Segundo Gense & Gense (2004) e Giacomini (2005), as necessidades que as pessoas surdocegas têm de aprender e de utilizar as técnicas de orientação e mobilidade estão relacionadas a três aspectos, que antecedem às próprias técnicas:

  • VÍNCULO: a aproximação deve ser tranquila e devagar. 
  • SEGURANÇA: a pessoa surdocega começa a se sentir mais tranquila ao perceber que pode confiar nas pessoas com as quais ela formou um vínculo.
  • COMUNICAÇÃO: cada pessoa surdocega dispõe de um sistema de comunicação diferente, que pode ir desde o mais concreto (uso de objetos de referência) até o mais simbólico (libras táteis, escrita na palma da mão).
    O processo de interação foi, então, uma construção diária, até chegarmos na criação de sons harmônicos. Não foi possível notar se a mesma relacionou os sons aos aromas, porém a mesma produziu sons com os instrumentos que foram apresentados.

RESULTADOS E DISCUSSÕES

A comparação entre as duas experiências (os seis alunos surdos e a surdocega), trouxe algumas reflexões em relação a música, os sentidos e como cada grupo se apropriou do som, ora pela vibração, ora pelo tato.
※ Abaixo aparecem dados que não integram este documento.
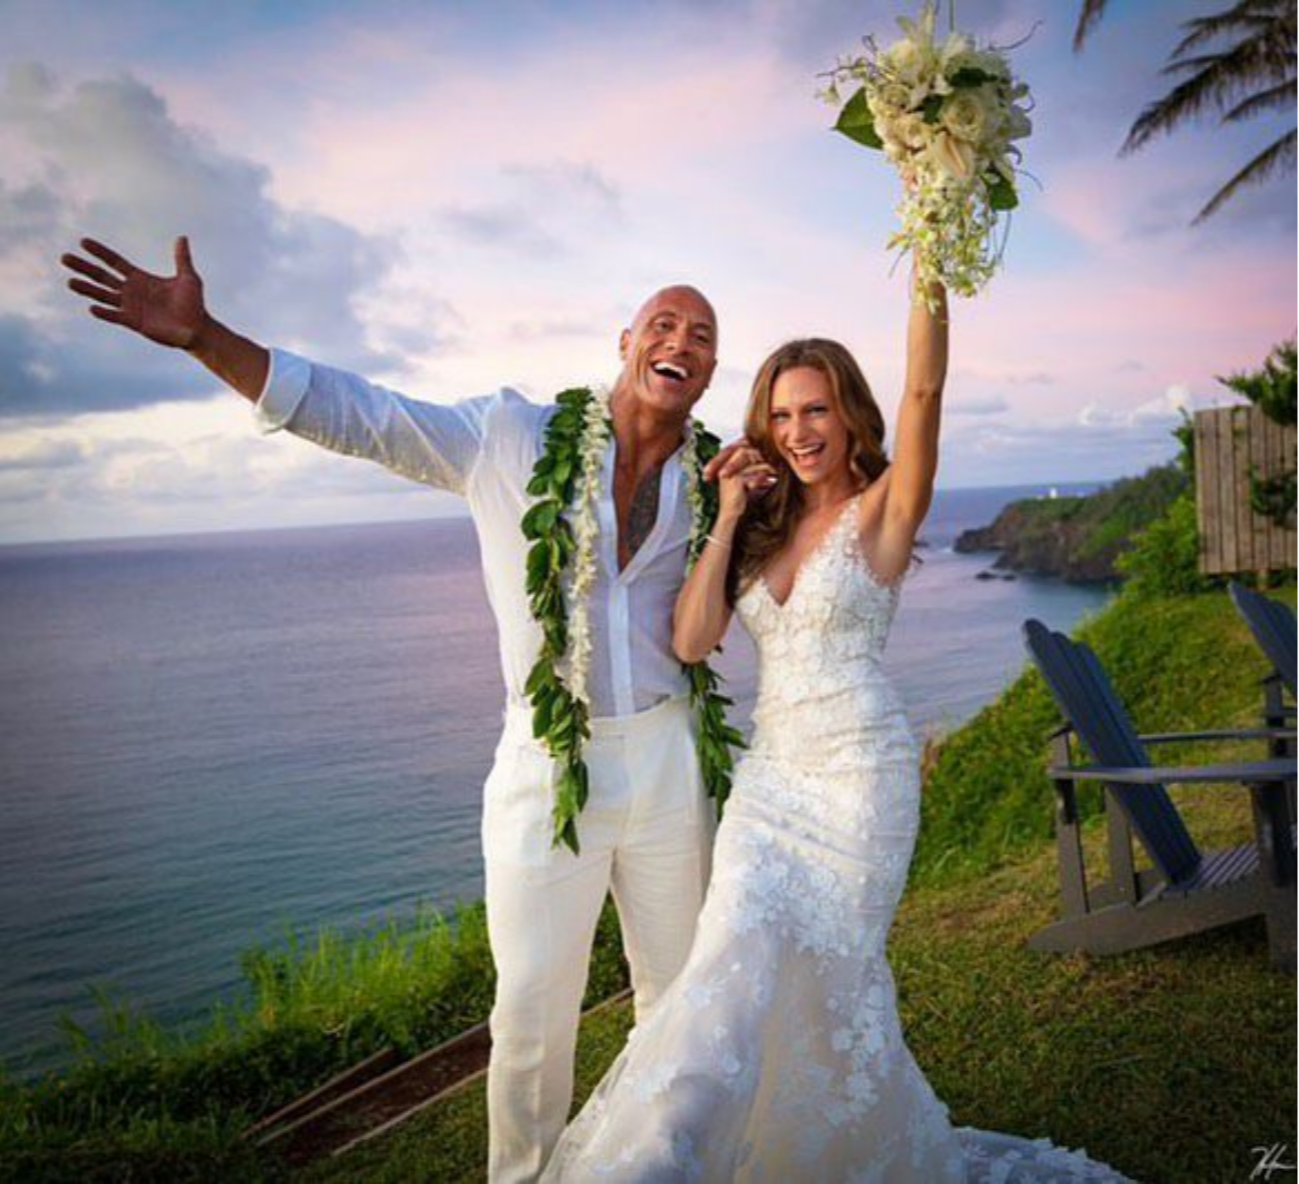 Pasangan aktor Dwayne Douglas Johnson alias The Rock dan musisi Lauren Hashian menikah di Hawaii, pada Minggu 18 Agustus 2019.

Na primeira, notamos a interação do grupo com os instrumentos, como cada um se apropriou de um deles e resolveu produzir suas criações musicais. De modo geral, o tambor foi o preferido nestas intervenções e o som mais grave foi constante, apesar do incômodo para o aluno implantado, todos sem exceção, obtiveram sucesso em suas vivências como um grupo. Já no segundo processo em AEE, notamos que todo o trabalho deve ser feito devagar, pois a criação do vínculo é mais importante que a própria vivência cultural. 

considerações finais

A partir do questionamento de que a Arte é primordial para os sentidos, observamos ao longo de nossa trajetória como ela foi fundamental para os dois grupos visitados. Apesar de não escutar, as vibrações, pelo tato e os aromas se integraram à experiência musical proposta.

Os ambientes se tornaram além dos educacionais já instalados, espaços de criação e de arte.

Sendo assim, podemos considerar o quanto as linguagens artísticas, a música, a dança, o teatro, as artes plásticas, de forma integrada e interdisciplinar podem gerar, não apenas nos conhecimentos específicos, mas em situações de integração e de riqueza cultural, quebrando o silêncio, gerando superação e trazendo ao indivíduo com deficiência múltipla sensorial ou com surdez, uma vivência única.

É necessário que se garanta mais espaços e ações onde a música, a arte e a exploração dos cinco sentidos possam contribuir para uma educação que amplie horizontes, que forme como um todo, e que traga experiência e qualidade de vida, bem-estar e principalmente o direito de aprendizagem plena de todos os conteúdos propostos, independentemente dos sentidos a serem explorados.